Las pisadas de Saunders repercutían en la sala… Todo había sido registrado. Se reunió con los demás cerca de la puerta cerrada.
—No hay nadie escondido aquí dentro, capitán —anunció con convicción—. Lo juro por las Escrituras. Y no sólo no hay, sino que tampoco lo ha habido. Lo prueba la falta de huellas en la alfombra de polvo.
Francis, cuyos cabellos rubios caían sobre sus ojos y con la pechera toda polvorienta, trató de limpiarse lo mejor posible con su pañuelo.
La elaborada incoherencia de su anterior forma de hablar surgió repentinamente con el resultado negativo de la pesquisa.
—¿Ha visto, profesor? Esto es un laberinto. Peor aún. Un enigma. Ningún lugar de entrada, ningún lugar de salida, nadie escondido. ¿Sabe hacia dónde se encaminarán las pesquisas?
—¿Quiere decir de quién se sospechará? —inquirió Tairlaine con estupor.
—Pat. Ella era la única persona que estaba aquí.
—¡Qué horror! Eso es absurdo.
—Tiene razón. Pero así será. No habrá forma de evitarlo.
—Debe de haber algún camino oculto. Alguna puerta falsa o pasaje secreto, algún medio de comunicación. Es inconcebible que esa muchacha sea objeto de tales sospechas…
Las facciones de Francis se iluminaron. Con movimiento de cejas expresaba su desaliento.

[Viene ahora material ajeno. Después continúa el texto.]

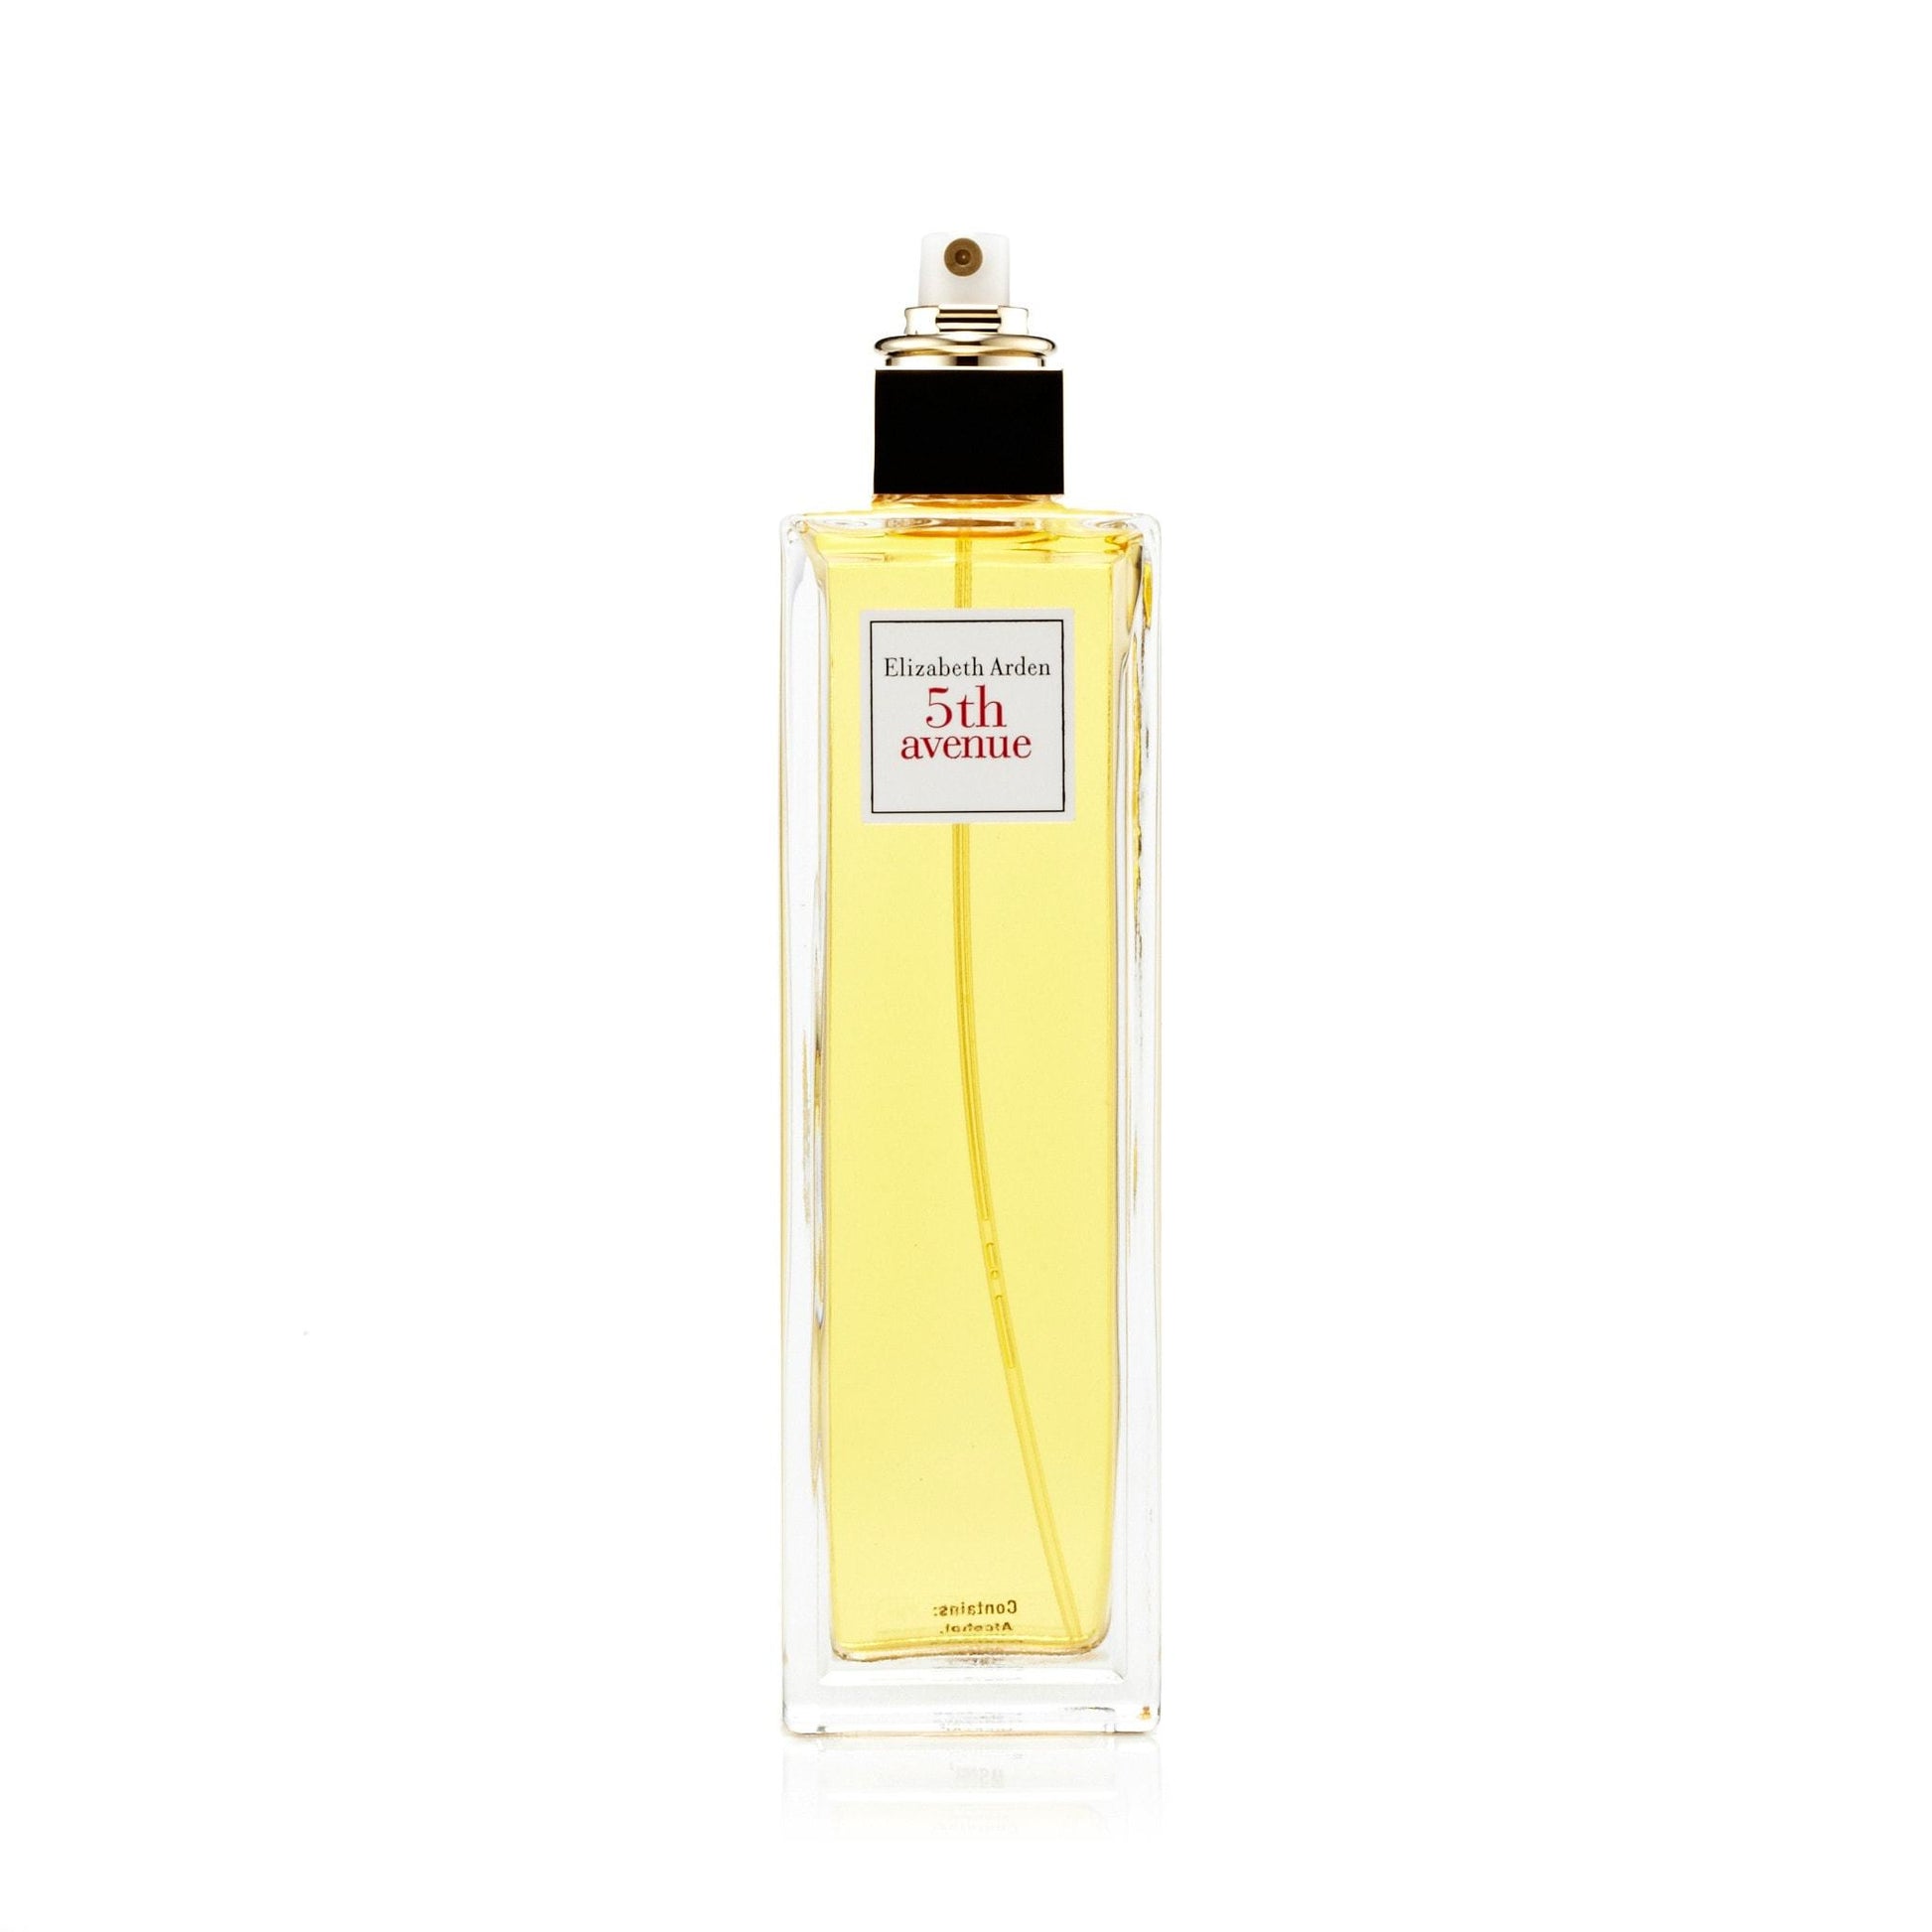 5th Ave. Eau de Parfum Spray for Women by Elizabeth Arden, Product image 6

—Inconcebible, sí —dijo abatido—, pero la suspicacia judicial se fijará en ella. Si se pudiera entrar en la sala por otro lado, sería distinto. Como en el cine. Pero ningún pasadizo secreto, ningún fantasma. Ni magia ni brujería. No hay de quien sospechar… ¡Oh Dios!

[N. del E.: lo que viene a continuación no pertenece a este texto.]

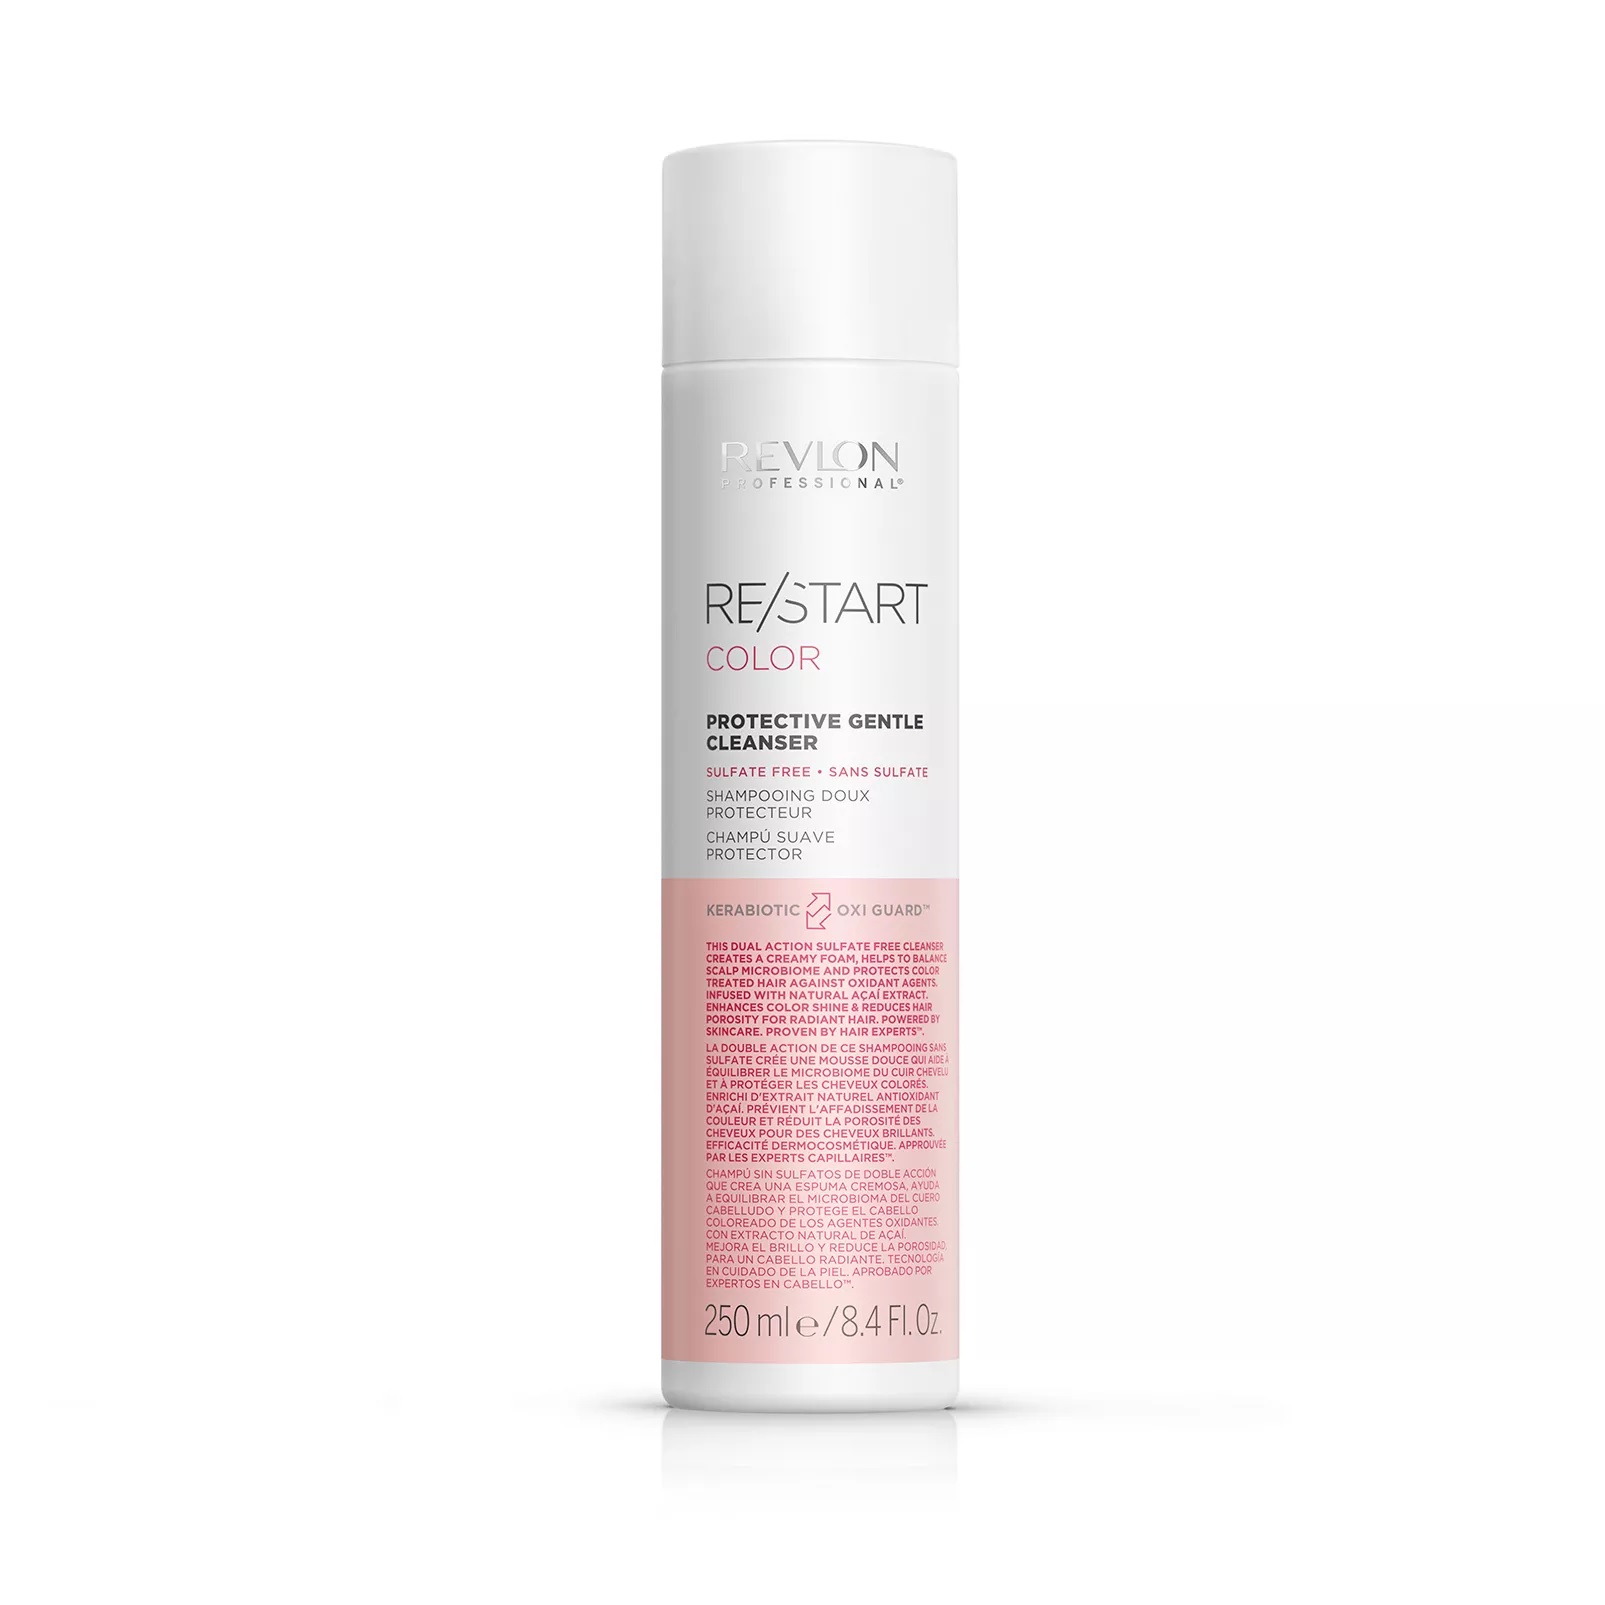 REVLON, Шампунь для нежного очищения окрашенных волос Protective Gentle Cleanser Restart Color, 250 мл.

Detúvose bruscamente, dilatados los ojos por la angustia, castañeteando los dedos. Se adelantó a Tairlaine y corrió hacia la galería. El americano, al intentar alcanzarle, sintió una punzada en el costado. Francis se deslizó por la escalera en espiral y llegó en cuatro zancadas al gran tapiz que pendía en el fondo de la sala: la tapicería flamenca que ocupaba la pared en casi toda su amplitud.
—Venga aquí, Saunders —indicó—. Levante ese lienzo por medió y sosténgalo. Manténgalo por encima de la cabeza, tan alto como pueda. ¡Arriba!… No suelte hasta que le avise.

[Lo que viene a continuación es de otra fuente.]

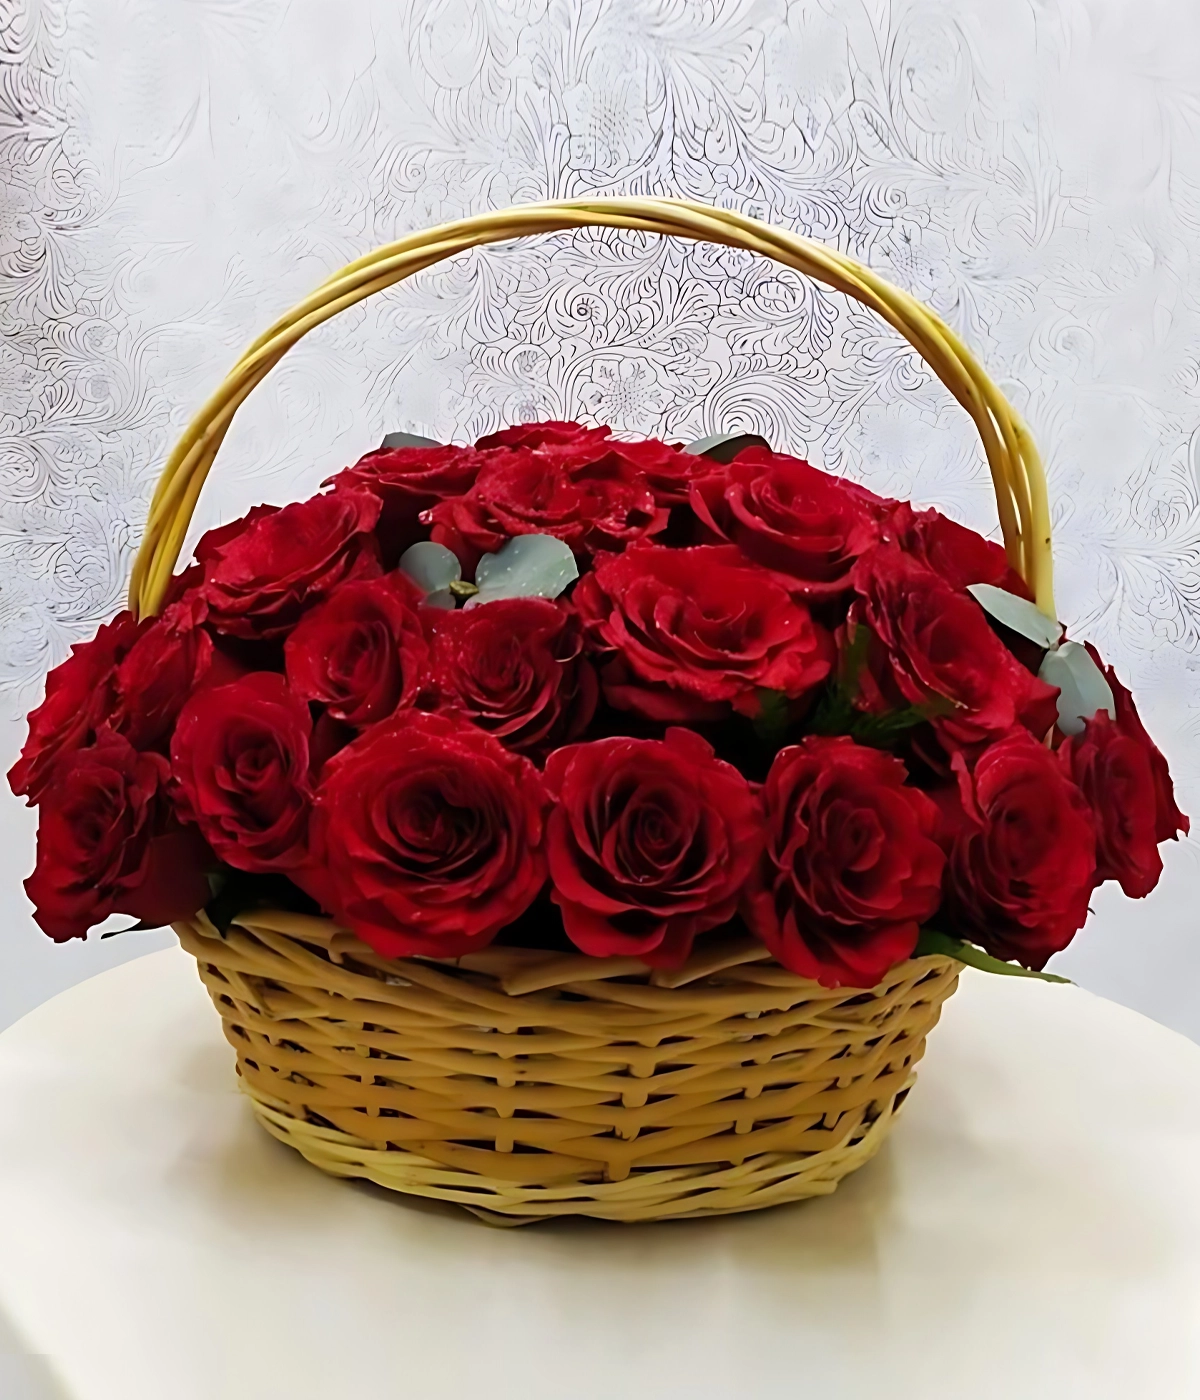 Basket of Love Flower Bouquet

El tapiz cambió lentamente de posición hasta dejar ver una parte de la pared que cubría.
—Doctor —gritó Francis, furioso consigo mismo—; soy un asno de primera clase. A pesar de conocer este sitio como la palma de mi mano, me había olvidado de una cosa tan obvia como la misma puerta principal.
—Capitán —profirió el sirviente, volviendo su cara sudorosa—. Capitán…
—Déjese de hablar ahora, Saunders, y concéntrese en el tapiz. Un poco más arriba. Esta sala está construida directamente contra el viejo torreón defensivo del castillo. La puerta de ese torreón está cerrada, como lo están las de las otras torres. Hay aquí, en esta sala, una puerta que conduce al torreón. Una gran puerta… Por fin dimos con la clave. Espléndido. Por aquí debe de haber escapado el miserable. ¡Arriba Saunders, arriba!
Los largos brazos de Saunders formaron una enorme carpa con el tapiz. Al penetrar la luz en ese hueco, Francis inclinóse hacia adelante, pero de improviso se detuvo. Tairlaine oyó un ruido apagado. Aferrado a la gruesa falleba de una cerradura, Francis forcejeaba desesperadamente para abrirla. Al inclinarse Tairlaine para atisbar debajo del lienzo, vio luz a través de las junturas de una puerta, de acuerdo con lo que Francis acababa de exponer.
—Ya iba yo a prevenirle, capitán —dijo Saunders pacientemente—, de que esta puerta no se puede abrir. No la abrirá por más que forcejee. Fue su señoría quien la condenó. Esta tarde vino aquí y la claveteó con remaches y clavos de gran tamaño. Después de afirmarla fuertemente aquí, dio la vuelta por el torreón y la aseguró en la misma forma por el otro lado.